Potrzebne mi medium do odczyniania złych kulinarnych uroków, bo jak nie
minie ta zła passa, to wyrzucę blaszki i
przepisy na śmietnik, aby nie narażać zdrowia rodziny na szwank, a ich zmysłu
estetycznego na nieodwracalne, być może, zmiany.

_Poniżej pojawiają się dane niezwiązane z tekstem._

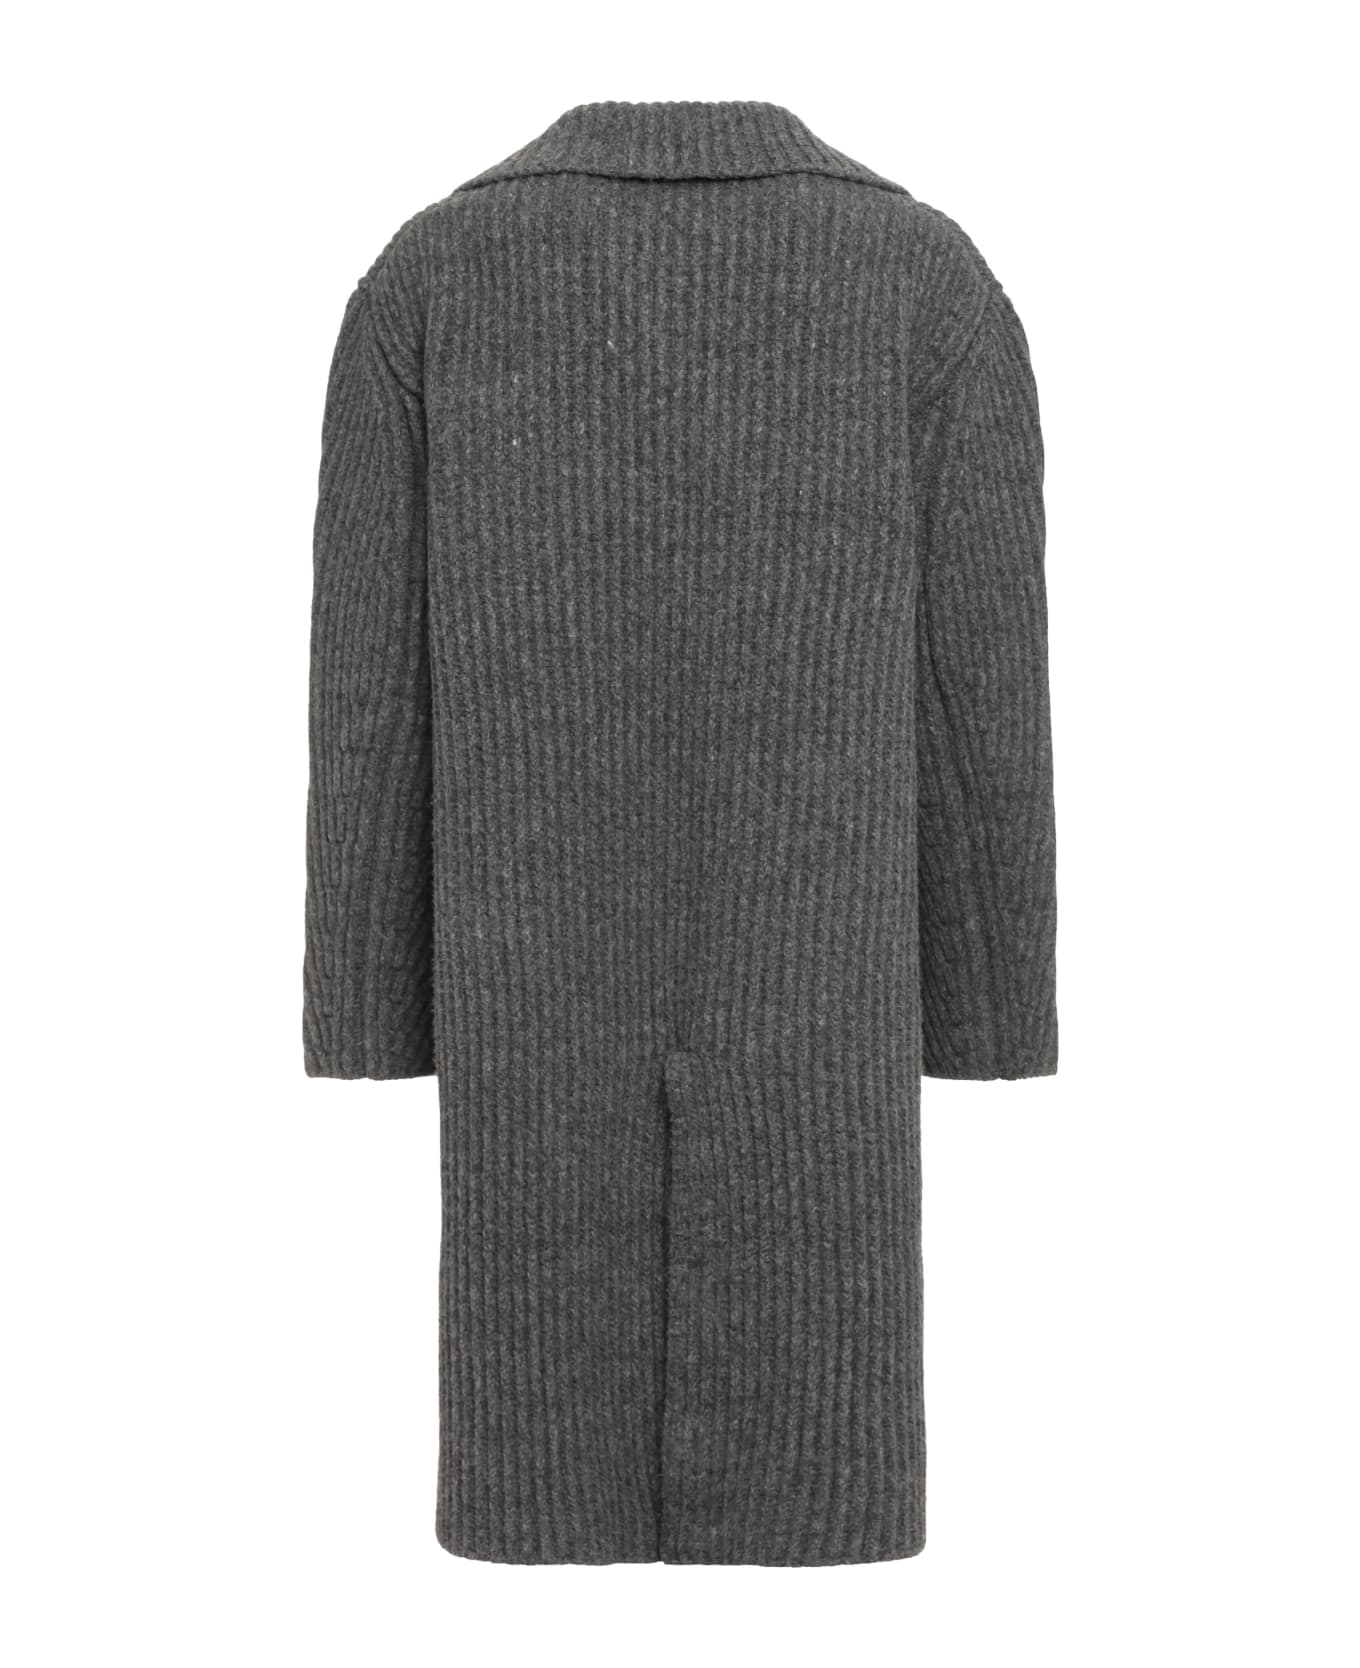 Bottega Veneta Wool Jersey Coat - grey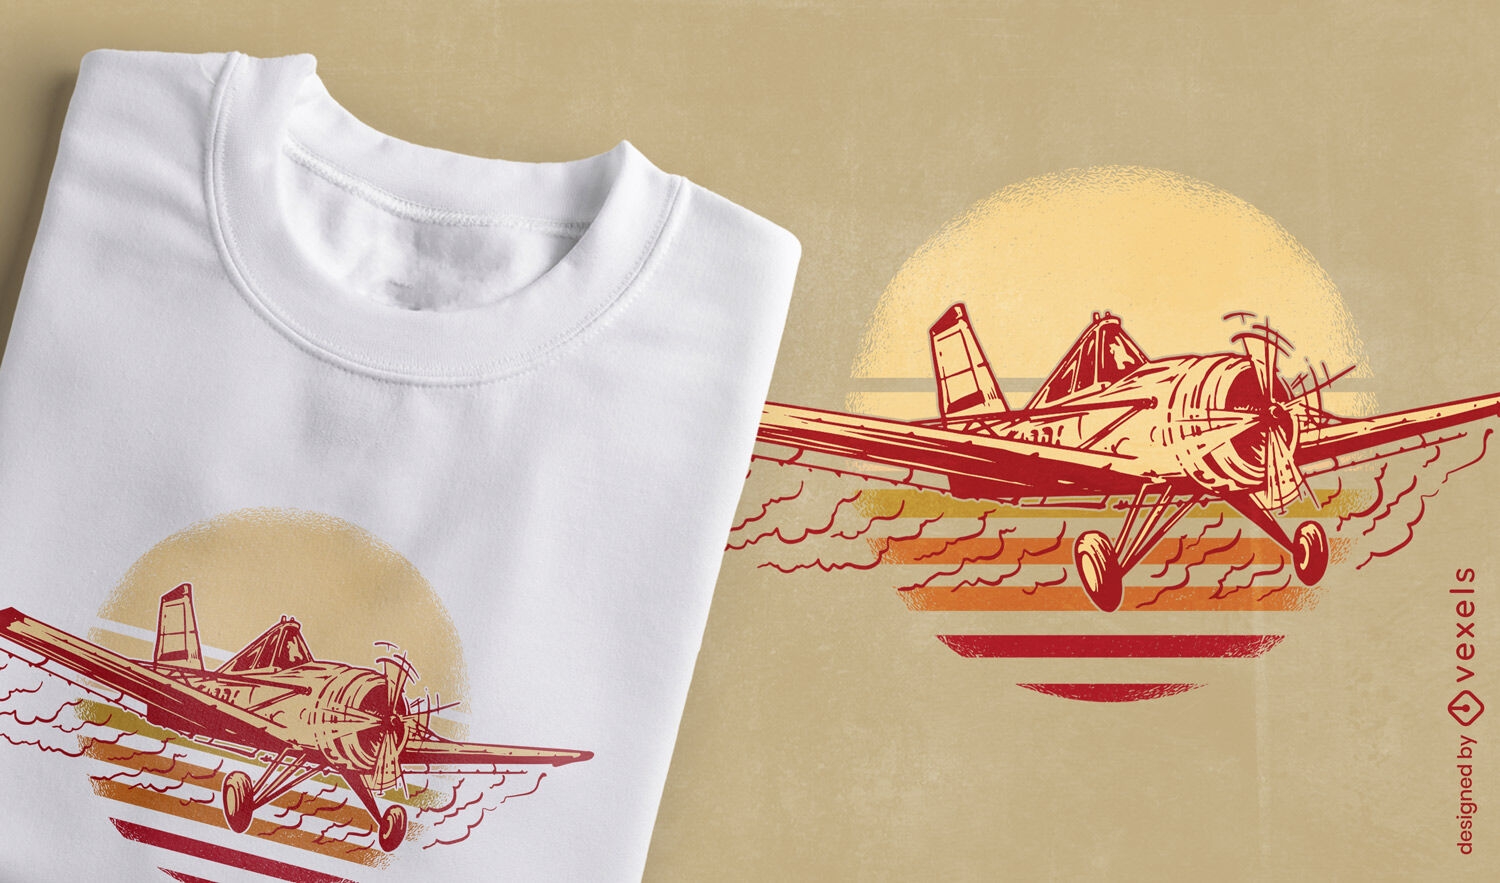 Diseño de camiseta de avioneta y puesta de sol retro.

Zaczęło się od tego, że ciasta
przestały mi rosnąć z nieznanej bliżej przyczyny. Za każdym razem przepis niby
idealny i u innych gospodyń dający efekt
cudów nie widów.
A u mnie?
U mnie
konusowate nie wiadomo co, ledwo łypiące z dna blaszki. Na szczęście mikraśne ciachowe
ciałko nadrabiało smakiem i znikało bez problemów w przepastnych paszczach
domowników, tyle, że o wiele szybciej, niż normalne.
Przedostatni mój wyrób wyglądem i
konsystencją przypominał dobrze wyleżakowany żółty ser, a w smaku, no cóż…dla
odważnych był nawet zjadalny, pod
warunkiem, że posiadali własne, mocno osadzone uzębienie.
W życiu nie wyszedł
mi tak wspaniały, idealny w każdym calu, książkowy wręcz zakalec.
Nie poddałam się i dzisiaj znowu
podjęłam kulinarną próbę samobójczą.
I co?
Ciasto, które powinno być mieszalne
i swobodnie wypływać z miski, konsystencją przypominało twardniejący beton i
dało się przenieść do foremki dopiero za pomocą łychy, szpatułki i sporej dawki
energii przełożonej na iście pudzianową siłę ramion.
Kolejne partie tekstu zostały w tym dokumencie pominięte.